Management Essentials
Staff Retention – Avoiding the Exodus
By Farrell "Toby" Tyson, M.D., F.A.C.S.
All organizations wish to retain their staff — if only for purely lazy reasons. There is significant cost and waste of production associated with staff turnover. Most analysts will concede that the cost of replacing one hourly employee is 150% of the employee's yearly compensation and rises to at least 200% for salaried or management-level employees. An ideal practice has 10% or less staff turnover per year.
Financial Compensation
To help retain your staff, you have to determine what it is that compels them to stay with you. The first thing that comes to mind is financial compensation. This is a great motivator, but can also be a detriment. One never wants to be the cheapest employer in the market. If you are, you are going to constantly be training new staff for your competitors. If you have the highest paid staff in the area, you will find you have created dead end for your staff. In today's economy, you have staff who may not like their jobs or employer, but are forced to continue to work in the practice as no other jobs are available. These negative feelings can then be carried over into patient care, which further detracts from the advancement of the practice.
The ideal place is to be somewhere in the middle of the pay range for the area. This allows you to attract quality individuals to your practice, but also allows those who are not a good fit or are unhappy to move on.
Additional Perks
Benefits can be just as attractive as hard dollars to employees. As most employers in the market have slowly reduced medical benefits, offering them may be a major attraction to your practice. Other benefits can be offered, such as retirement plans with matching contributions, travel to meetings, uniforms and educational opportunity.

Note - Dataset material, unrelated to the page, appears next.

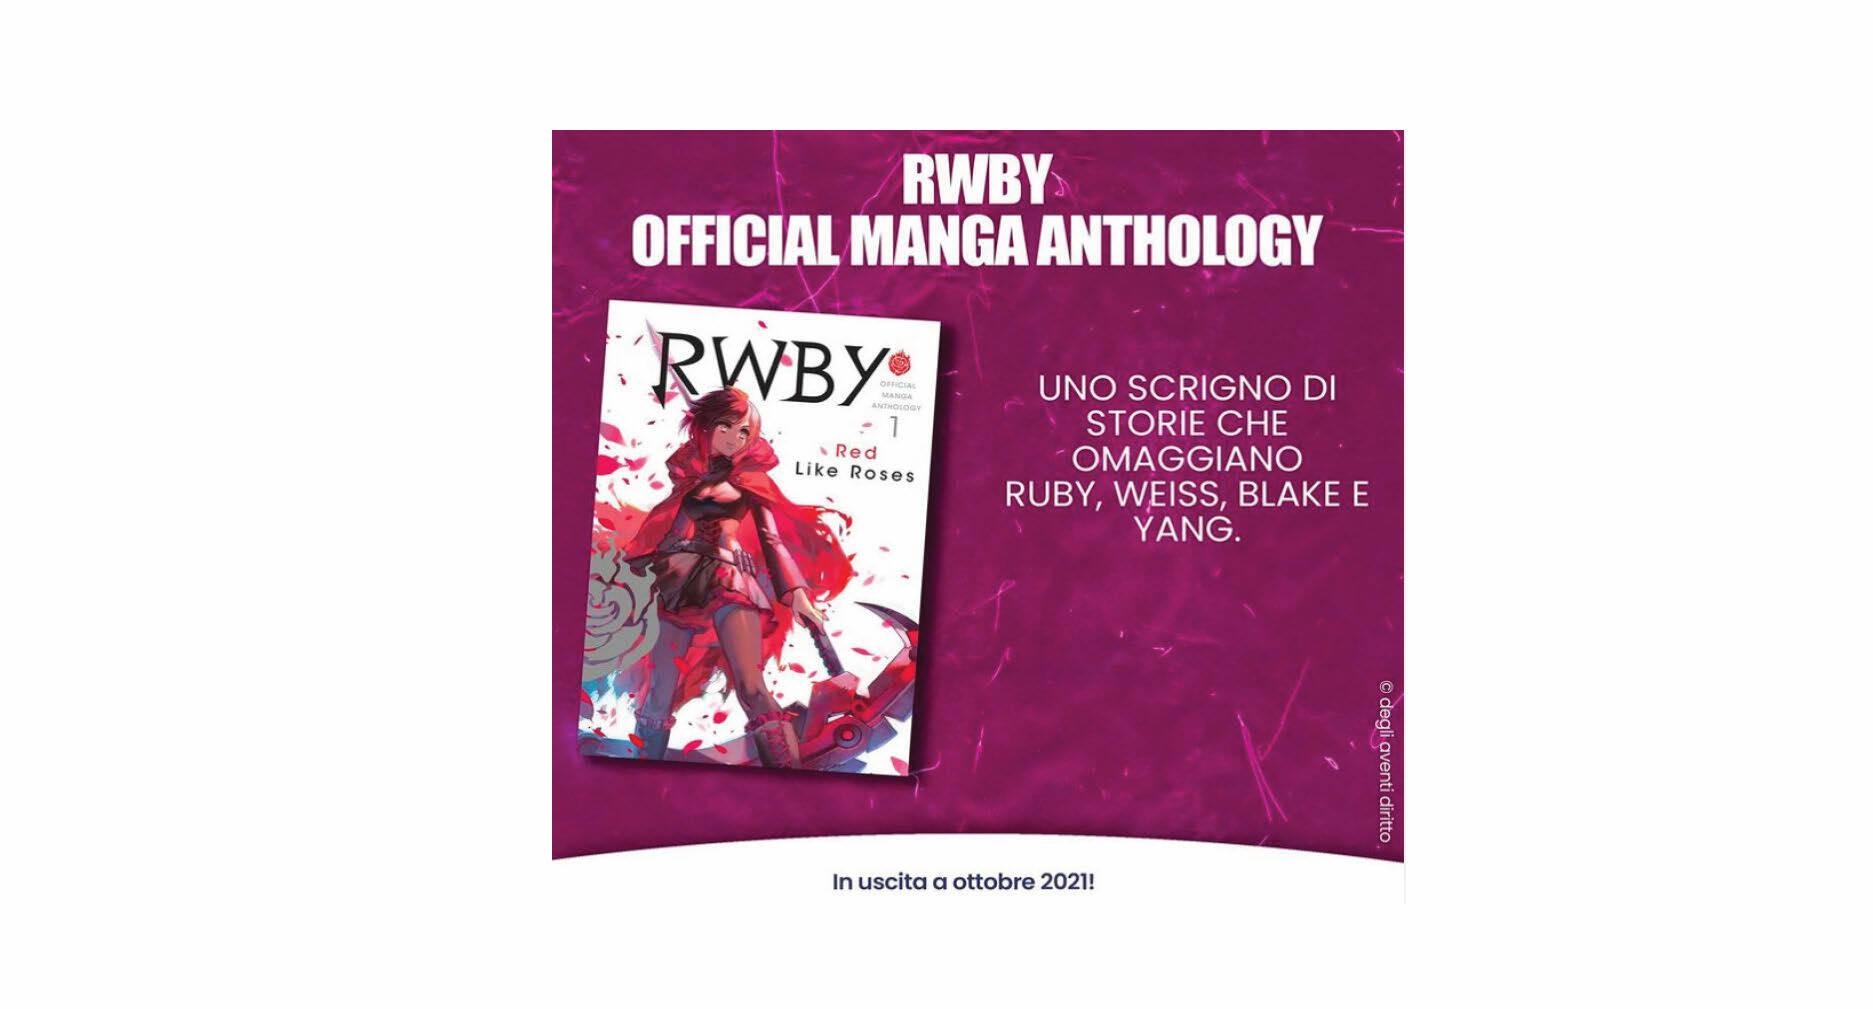 Rwby official manga anthology

These certifications are open to all employees from the receptionist to the technician to the billers. This helps all staff members to become more knowledgeable about ophthalmology as a whole. These financial paths also help justify pay rates and separates the "go getters" from the "9 to 5ers." In return for this training, our staff signs a promissory note against future earnings that is prorated over a year of employment.

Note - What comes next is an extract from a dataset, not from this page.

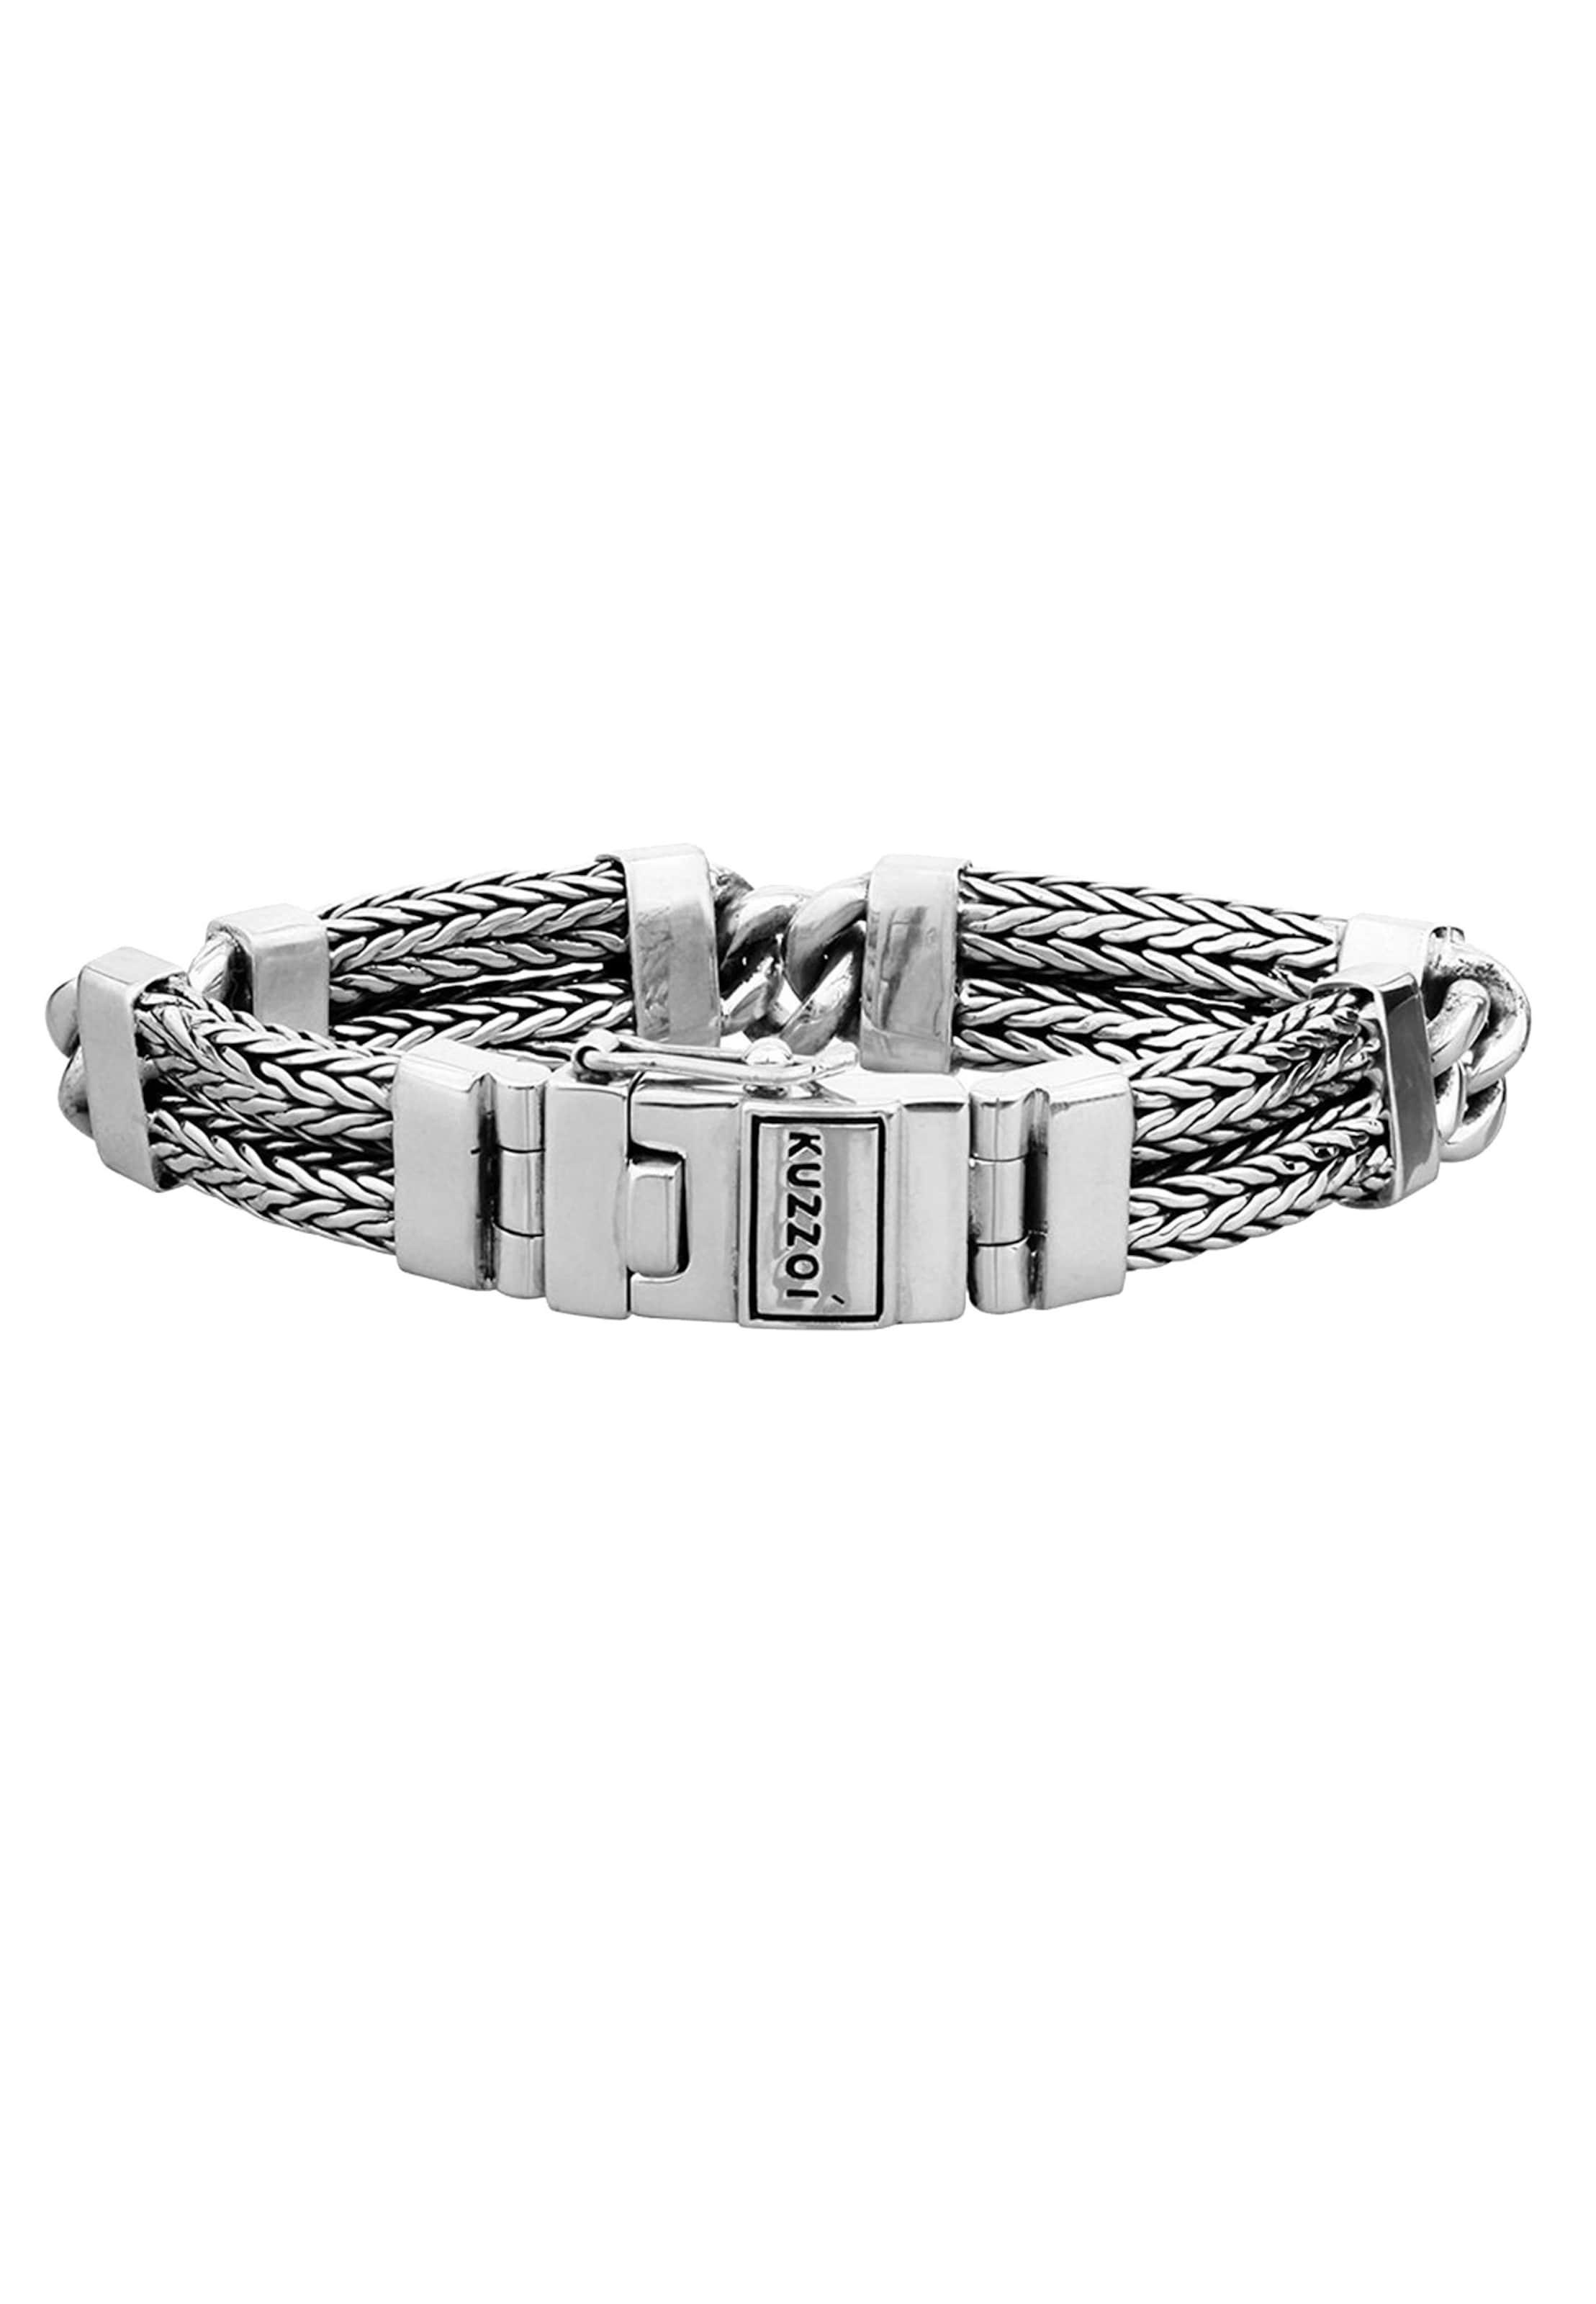 Armband 'basic' Silber Kuzzoi In Silber In Armband Kuzzoi Kuzzoi 'basic' TulK13FJc

Work environment can be a major factor in an employee's desire to stay employed. Many practices fall into the trap of allowing one bad apple to ruin the bushel. Usually this is a highly valuable employee who has realized his or her worth and starts to abuse their status. The ones at fault in this scenario are usually the doctors who have allowed a "pet" to develop and be sheltered. This can also occur under administrators and managers. Pets should not be allowed and favoritism should be nipped in the bud.
Gossip can also destroy a practice quickly. Whenever gossip is encountered, all parties need to be brought together and the source discovered. In this way, there is a disincentive to spread rumors. If bad apples cannot be successfully rehabilitated, they must be terminated no matter how valuable or painful it might be.
Pride in one's work and position can be a great motivator. Doctors work hard to notice all the signs and symptoms of their patients. They need to apply this concern to their employees as well. Recognition and appreciation can go a long way, especially if done in public. This is probably the most cost-effective staff retention tool, but the hardest for doctors, administrators and managers to implement. In our practice we have a biweekly newsletter that goes out with the paychecks, informing the staff of the happenings in the practice and focusing on different employee accomplishments. These accomplishments do not have to be major, but everyone looks forward to seeing who makes it into the newsletter.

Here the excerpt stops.